Clear scope means AI doesn’t need to guess. Tests produced will be much more precise.
Step 3: Feedback Must Be Specific Enough That AI Doesn’t Guess
AI writing problematic tests is normal. The key is how you give feedback.
Bad feedback: > “This test is wrong, rewrite it.”
AI asks: What’s wrong? It doesn’t know, can only guess. High chance of guessing wrong.
Good feedback: > “Line 23’s assertion is wrong. Expected discount amount should be 85, not 80. > Because VIP discount is 15%, 100 × 0.85 = 85. > Also please add one case: VIP + anniversary discount don’t stack, should take the higher one.”
Specific enough that AI doesn’t need to guess, and it can fix it in one go.
My experience: Vague feedback once, AI goes back and forth 3-4 times to get it right. Specific feedback once, usually correct by second try.
How to Validate AI’s Validation
This is the question Tech Leads and QA Leads ask me most.
“AI says tests passed, can I trust it?”
Answer: Depends on what you validated.
Three Levels of Validation
Let me explain with an example.
Say AI wrote 50 tests for your checkout module, all passing.

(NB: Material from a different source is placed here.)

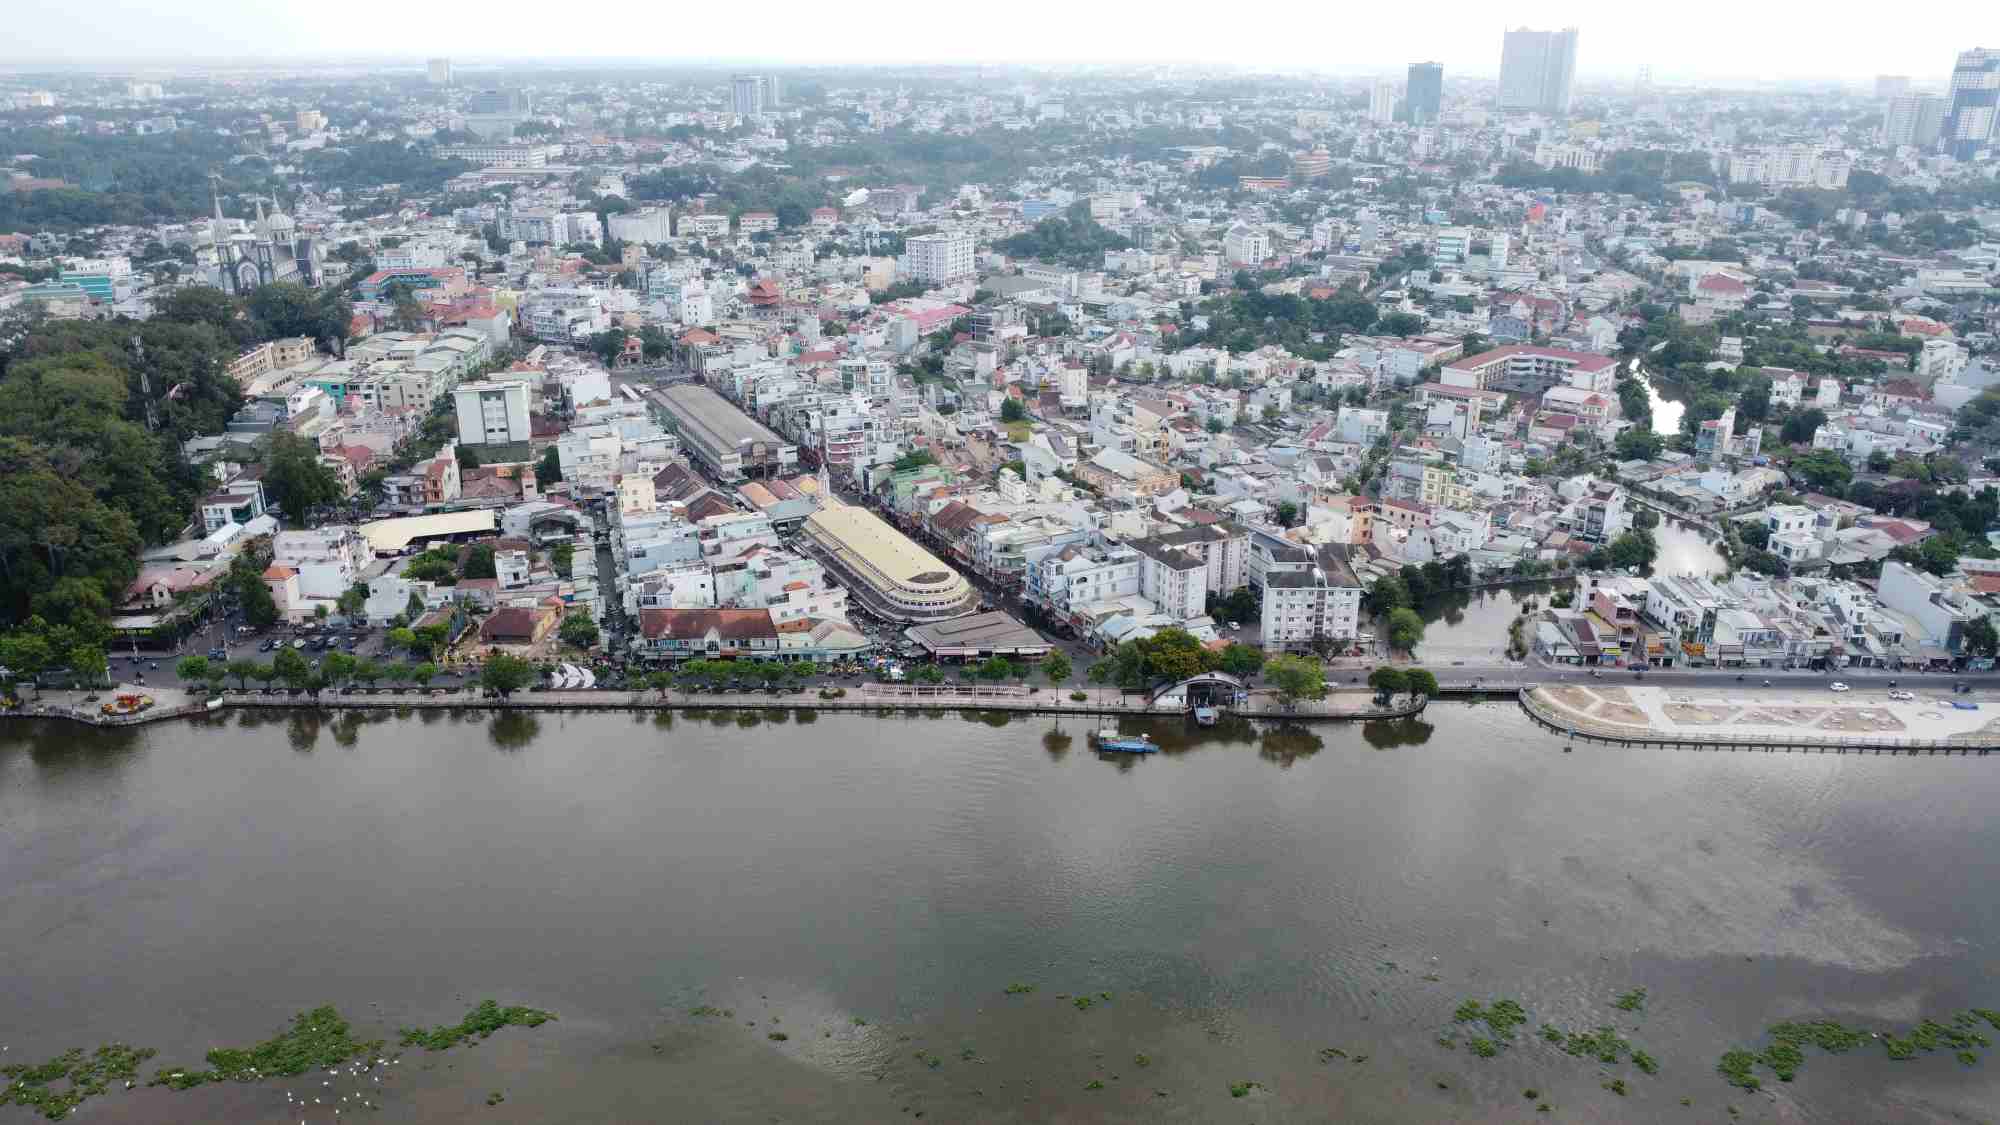 Phía dưới là sông Sài Gòn, bên trong là đô thị Thủ Dầu Một, Bình Dương - Vùng đất có lịch sử phát triển hơn 300 năm.

Level 1: Did the Tests Run
Did CI run? All green? Any flaky tests?
This is the most basic. This level can be fully automated, no humans needed.

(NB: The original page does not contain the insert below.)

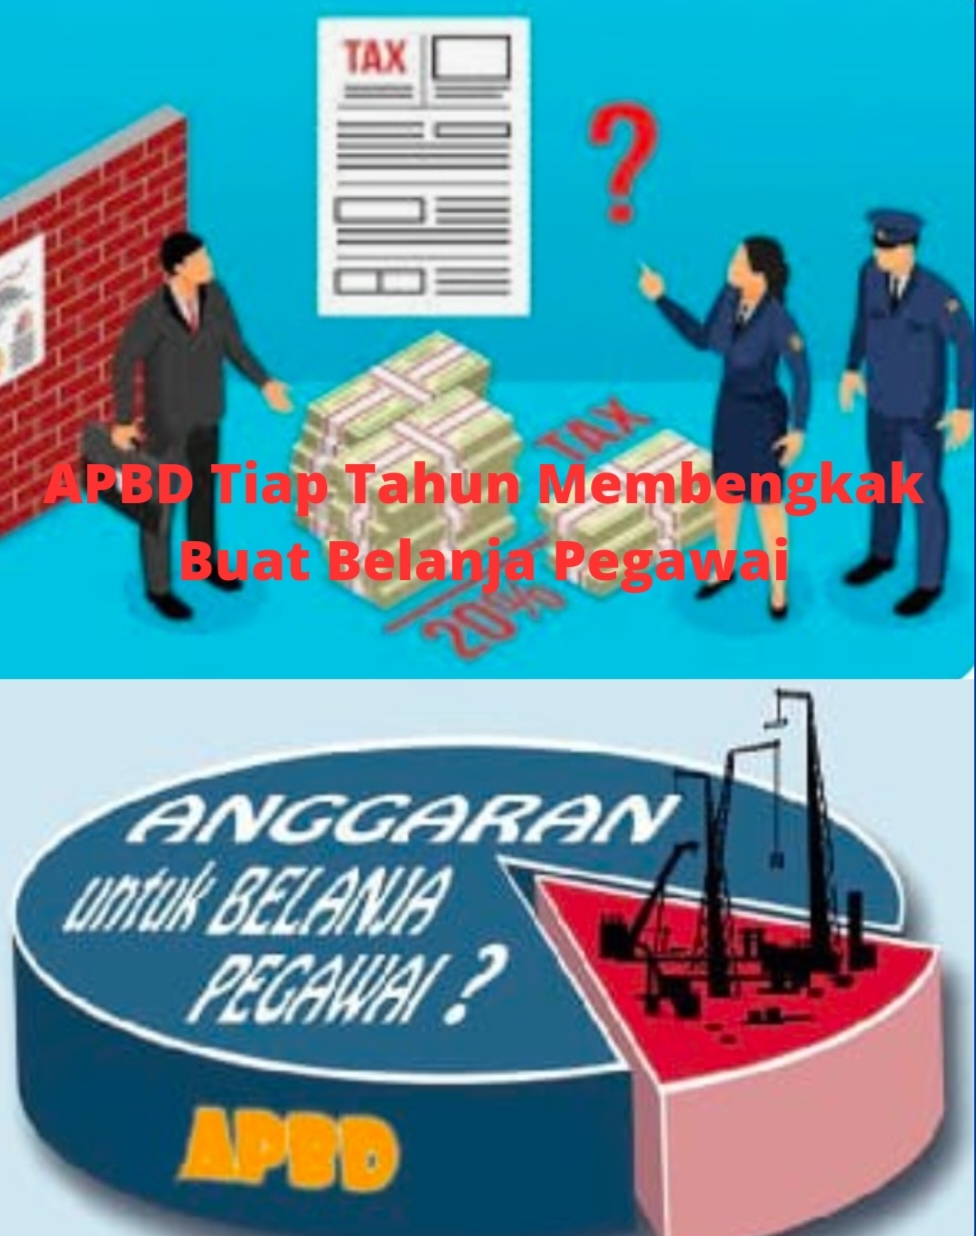 <em>APBD Kabupaten Bekasi setiap tahun Membengkak Buat Belanja Pegawai</em>

But “ran” doesn’t mean “tested correctly.”
Level 2: Did the Tests Test the Right Things
Open those 50 tests and look:
- Are assertions correct? (Confirming amount is 100, but is 100 the right number?)
- Is it testing what this function “should do”? (Or just what it “does”?)
- Are edge cases covered? (Zero, negative, extremely large amounts)
This level needs someone “who understands code” to review.
My experience: 15 minutes reviewing AI-written tests can save 3 hours of debugging.
Level 3: Do Tests Cover Business-Critical Paths
Go back to your “critical scenarios list”:
- Is “regular + pre-order mixed” covered?
- Is “high concurrency inventory deduction” covered?
- Is “VIP discount calculation” covered?
Even if those 50 tests are all technically correct, if they don’t cover these critical scenarios, the tests fail.
This level needs someone “who understands the business” to judge.
Actual Process
What I do now:
- Human defines critical scenarios list (What)
- Split work, ask AI to write in batches (control scope)
- Review AI’s tests (confirm How is correct)
- Cross-check against critical scenarios list (confirm What is covered)
- Run tests (AI executes)
- Final judgment: can we ship (human decides)
Steps 1 and 6, always human decisions.
Steps in between, human-AI collaboration.
This Isn’t Just About Testing
At this point, I want to say something bigger.
This article is about AI testing, but the underlying problem is more universal:
What should AI do? What should you do yourself? Where’s the boundary?
Testing is just one example. The answer: What stays with humans, How goes to AI.
This framework applies to many areas:
Writing code: – What = what feature to build, what problem to solve → human decides – How = how to implement, how to write the code → AI can help
Writing documentation: – What = who’s reading, what message to convey → human decides – How = how to organize paragraphs, how to phrase things → AI can help
Making decisions: – What = whether to do this, what’s the priority → human decides – How = how to execute, what are the steps → AI can help
The core skill of the AI era isn’t knowing how to use AI.
It’s knowing when to use it and when not to.
That’s judgment.
And judgment can only be built by yourself.